Annapaola Prestia scite author profile

[18F]-fluorodeoxyglucose (FDG) Positron Emission Tomography (PET) is a widely used diagnostic tool that can detect and quantify pathophysiology, as assessed through changes in cerebral glucose metabolism. [18F]-FDG PET scans can be analyzed using voxel-based statistical methods such as Statistical Parametric Mapping (SPM) that provide statistical maps of brain abnormalities in single patients. In order to perform SPM, a "spatial normalization" of an individual's PET scan is required to match a reference PET template. The PET template currently used for SPM normalization is based on [15O]-H2O images and does not resemble either the specific metabolic features of [18F]-FDG brain scans or the specific morphological characteristics of individual brains affected by neurodegeneration.
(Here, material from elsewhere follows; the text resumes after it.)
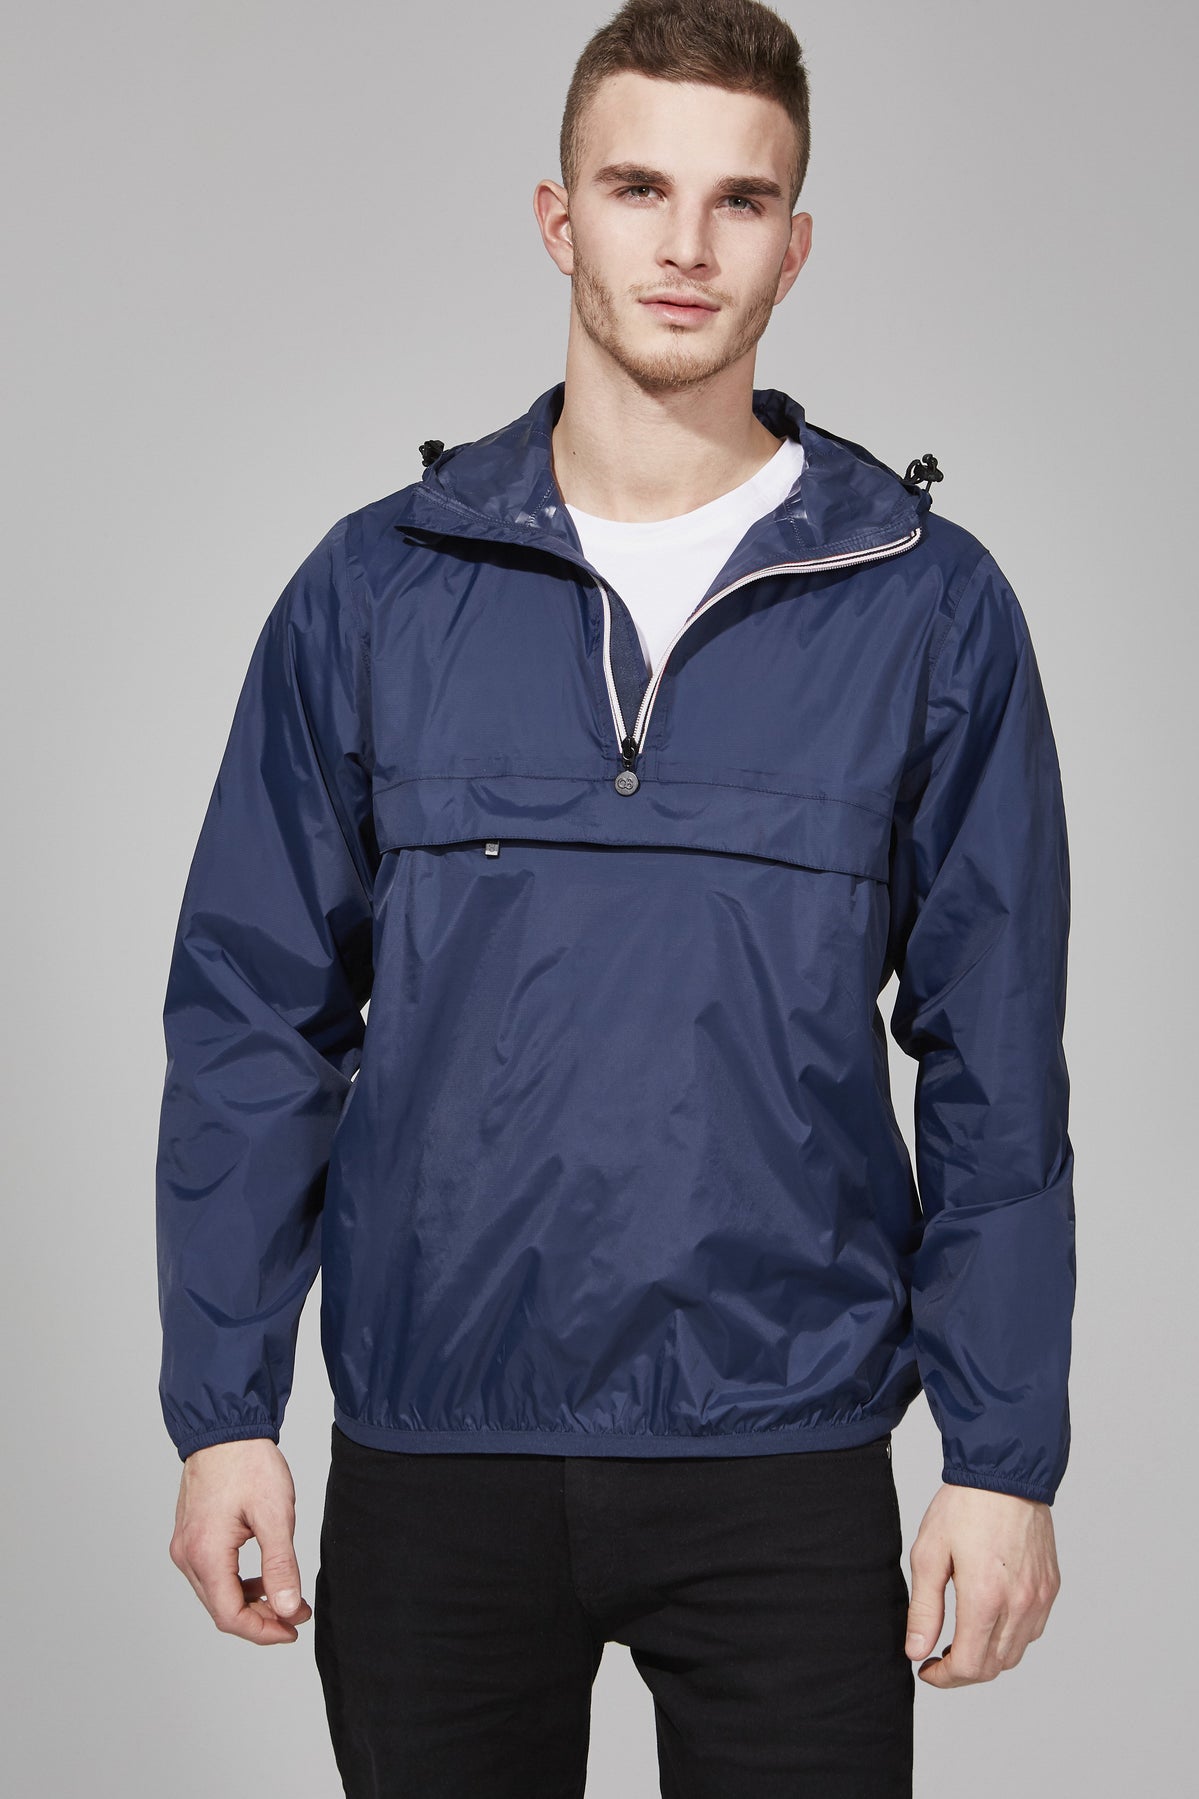 Men's navy quarter zip packable rain jacket and windbreaker - O8Lifestyle
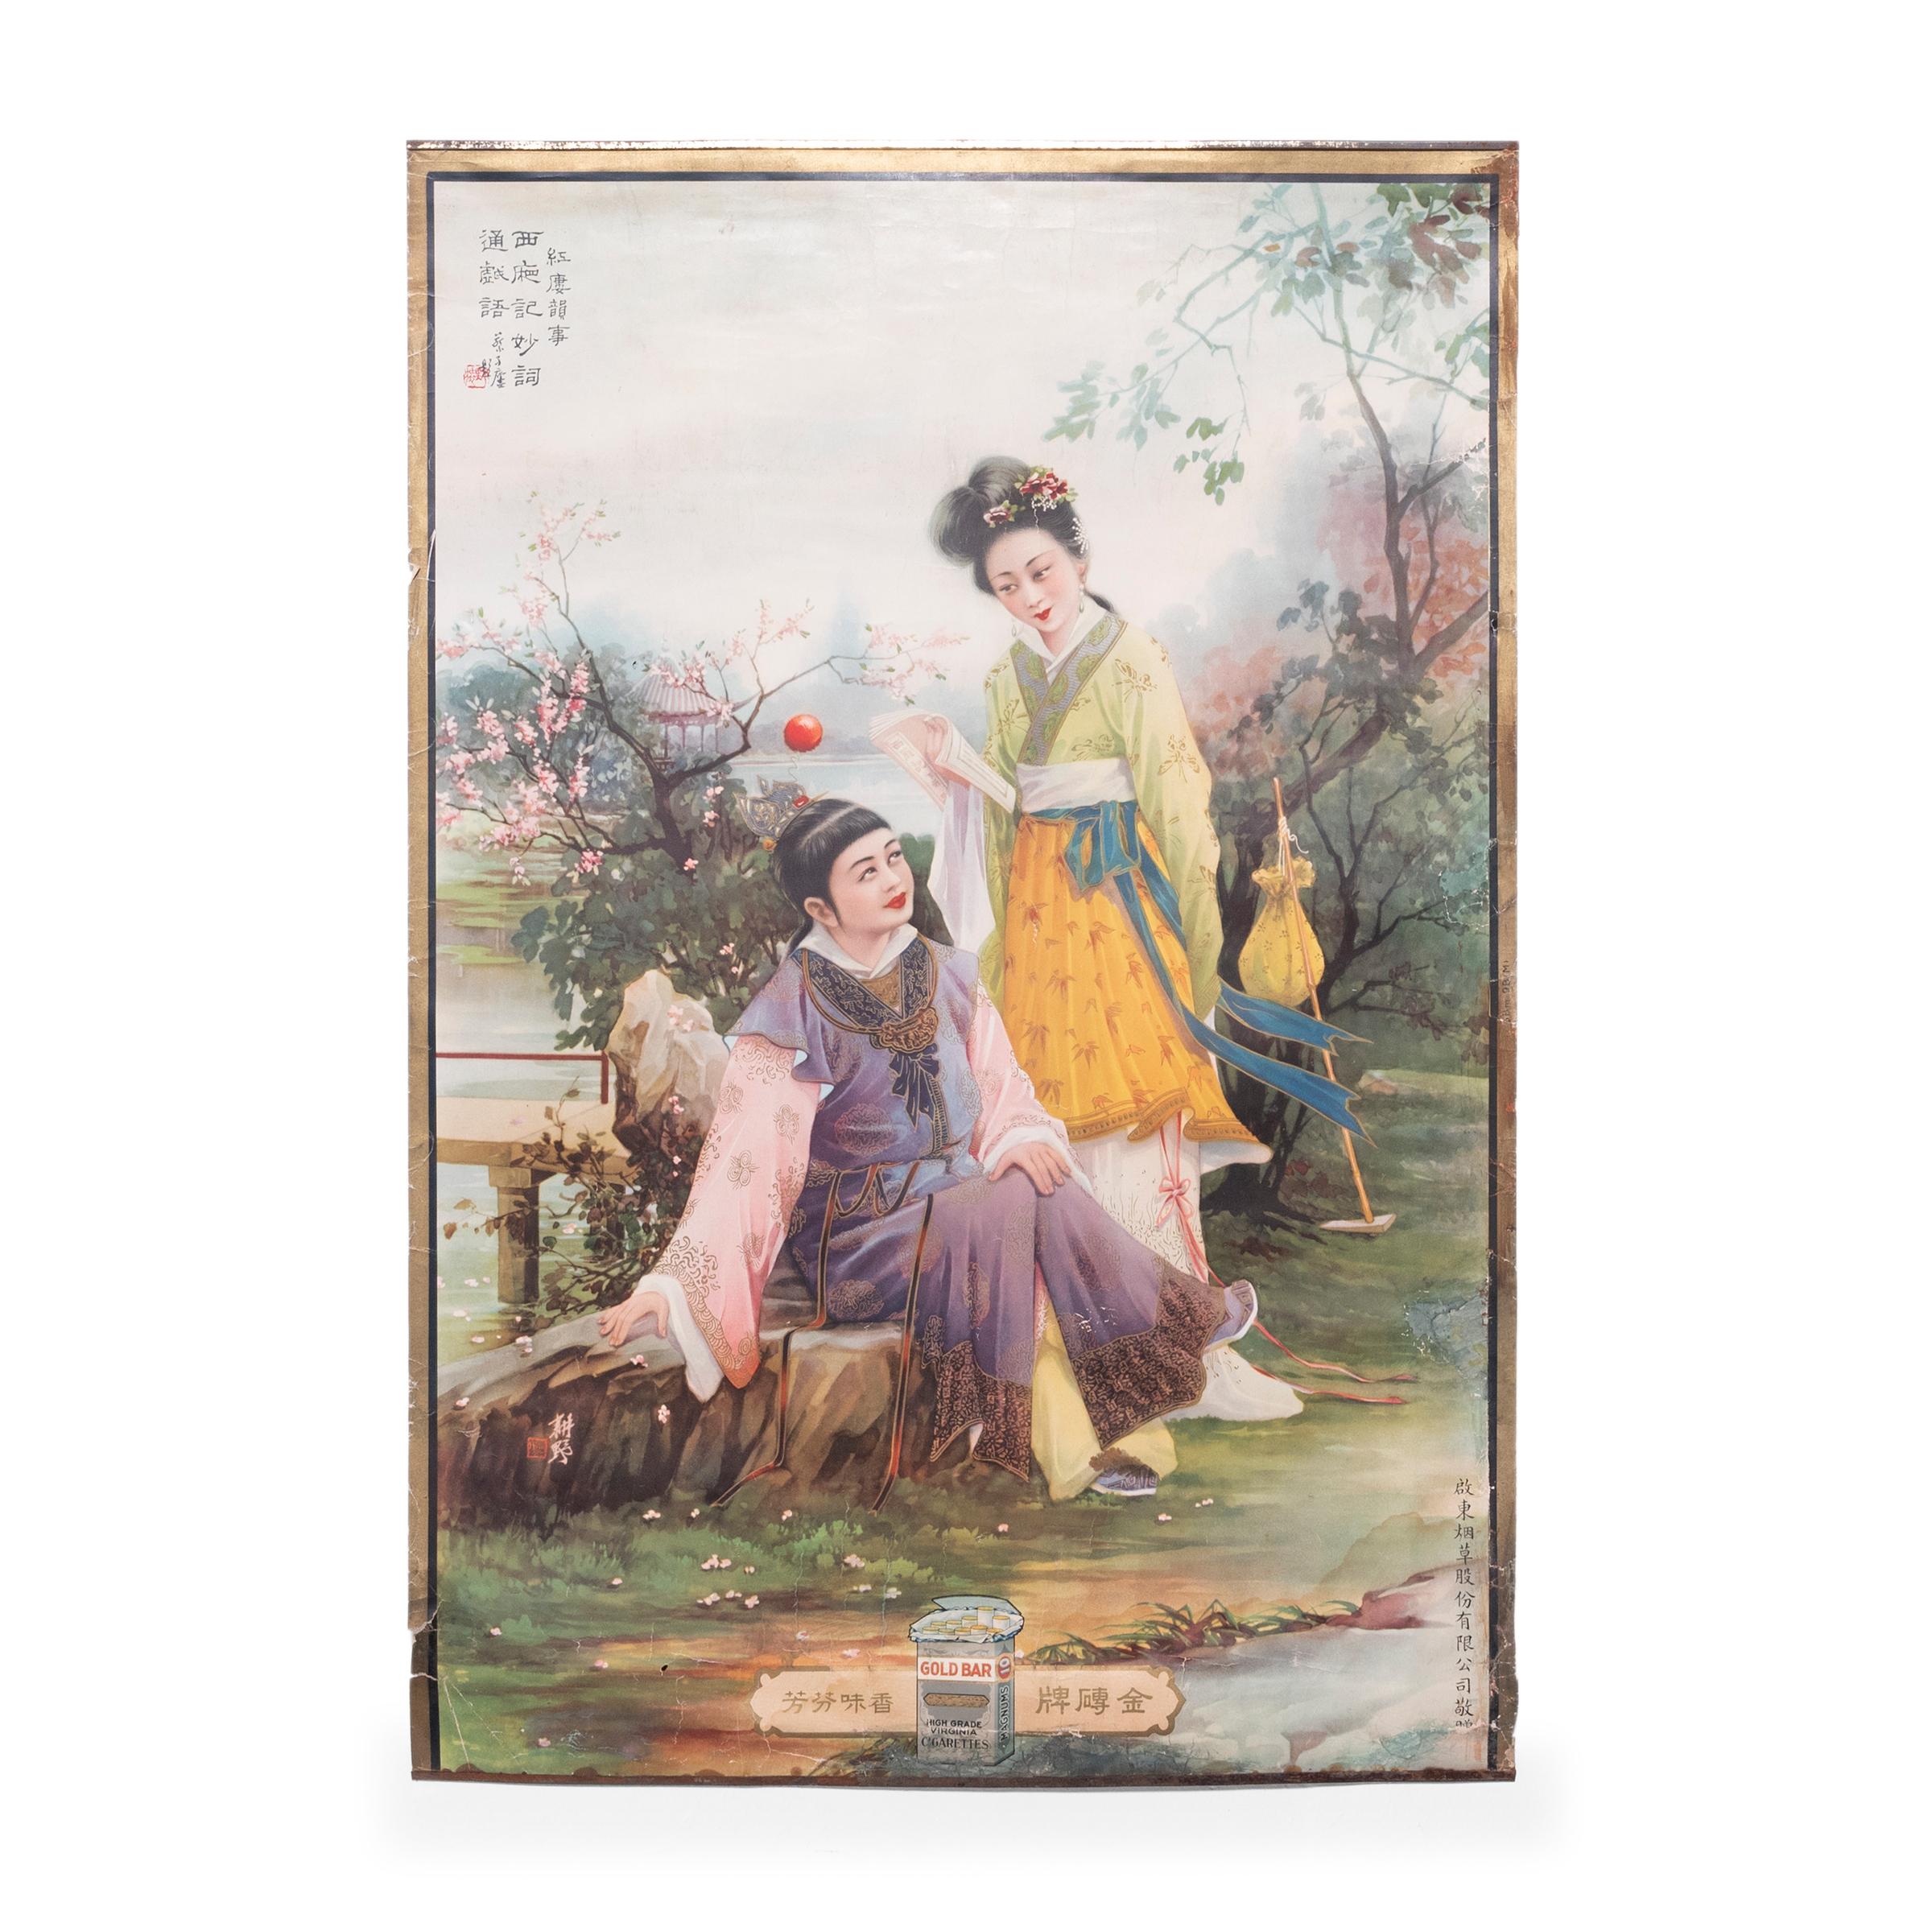 Affiche publicitaire chinoise vintage de bar à cigares en or, vers 1930

Thus, our aim was to create a new [18F]-FDG PET aging and dementia-specific template for spatial normalization, based on images derived from both age-matched controls and patients. We hypothesized that this template would increase spatial normalization accuracy and thereby preserve crucial information for research and diagnostic purposes. We investigated the statistical sensitivity and registration accuracy of normalization procedures based on the standard and new template-at the single-subject and group level-independently for subjects with Mild Cognitive Impairment (MCI), probable Alzheimer's Disease (AD), Frontotemporal lobar degeneration (FTLD) and dementia with Lewy bodies (DLB). We found a significant statistical effect of the population-specific FDG template-based normalisation in key anatomical regions for each dementia subtype, suggesting that spatial normalization with the new template provides more accurate estimates of metabolic abnormalities for single-subject and group analysis, and therefore, a more effective diagnostic measure.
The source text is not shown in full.